Incremental and Distributed

Keywords: Redis encoding Windows pip

day14~Incremental and Distributed

Yesterday's review:

1. Installation of redis

1. Unzip the installation package into a folder, such as D: redis, where you will see all redis files
 2. Add this folder to system environment variables
 3. Enter cmd in the address bar of the decompressed file directory, redis-server. / redis. windows. conf in the cmd window, and then return. If the following picture appears, the redis installation is successful.

[Img-shSyltG1-15662179351 (C: Users Administrator AppData Roaming Typora typora-user-images 50167.png)]

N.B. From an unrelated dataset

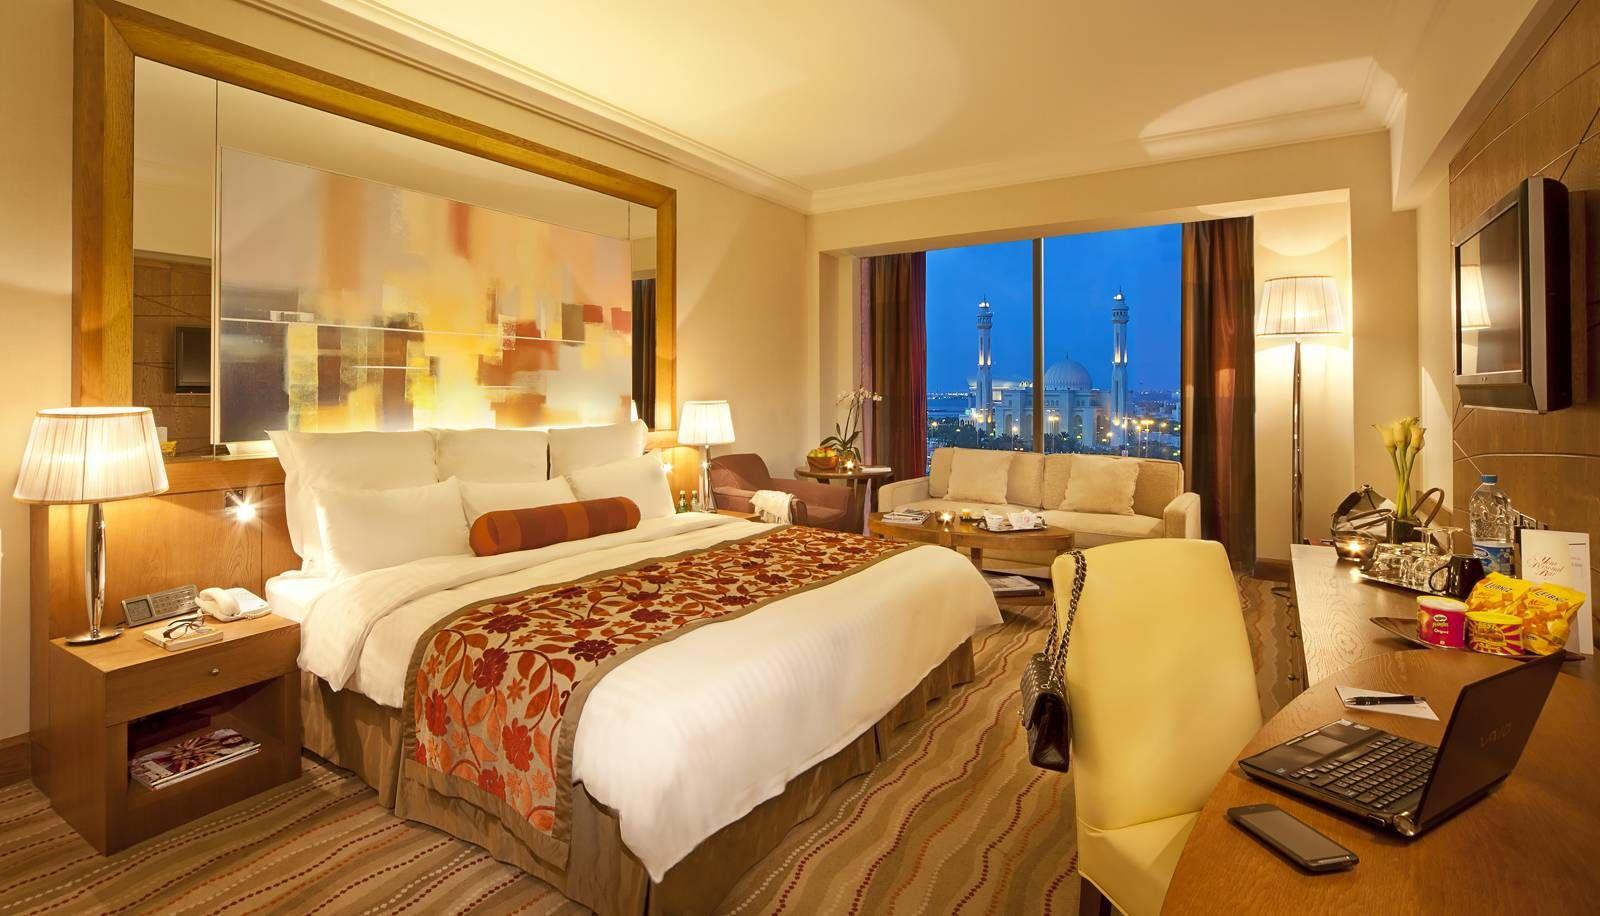 Luxury 4 Star Hotels Hotel Bedroom Design Room Home

2. Crawl Spider-based data crawling

# Project creation
scrapy startproject projectname
scrapy genspider -t crawl spidername www.baidu.com
# crawlspider data crawling:
- CrawlSpider is a reptile, a subclass of scrapy.spider, which is more powerful than spider.
- CrawlSpider's mechanism:
    - Connection extractor: Connection extraction can be performed according to specified rules
    - Rule parser: More specified rules for parsing response data
# Case study: Crawl the joke network depth data based on CrawlSpider, grab the joke title and content, and store it in MongoDB
# item encoding:
import scrapy
class JokeItem(scrapy.Item):
    title = scrapy.Field()
    content = scrapy.Field()
# spider coding:
import scrapy
from scrapy.linkextractors import LinkExtractor
from scrapy.spiders import CrawlSpider, Rule
from..items import JokeItem


class ZSpider(CrawlSpider):
    name = 'z'
    # allowed_domains = ['www.baidu.com']
    start_urls = ['http://xiaohua.zol.com.cn/lengxiaohua/']
    link = LinkExtractor(allow=r'/lengxiaohua/\d+.html')
    link_detail = LinkExtractor(allow=r'.*?\d+\.html')
    rules = (
        Rule(link, callback='parse_item', follow=True),
        Rule(link_detail, callback='parse_detail'),
    )

    def parse_item(self, response):
        pass

    def parse_detail(self, response):
        title = response.xpath('//h1[@class="article-title"]/text()').extract_first()
        content = response.xpath('//div[@class="article-text"]//text()').extract()
        content = ''.join(content)

        if title and content:
            item = JokeItem()
            item["title"] = title
            item["content"] = content
            print(dict(item))
            yield item
# pipeline coding:
class JokePipeline(object):

    def __init__(self, mongo_uri, mongo_db):
        self.mongo_uri = mongo_uri
        self.mongo_db = mongo_db

    @classmethod
    def from_crawler(cls, crawler):
        return cls(
            mongo_uri=crawler.settings.get('MONGO_URI'),
            mongo_db=crawler.settings.get('MONGO_DB')
        )

    def open_spider(self, spider):
        self.client = pymongo.MongoClient(self.mongo_uri)
        self.db = self.client[self.mongo_db]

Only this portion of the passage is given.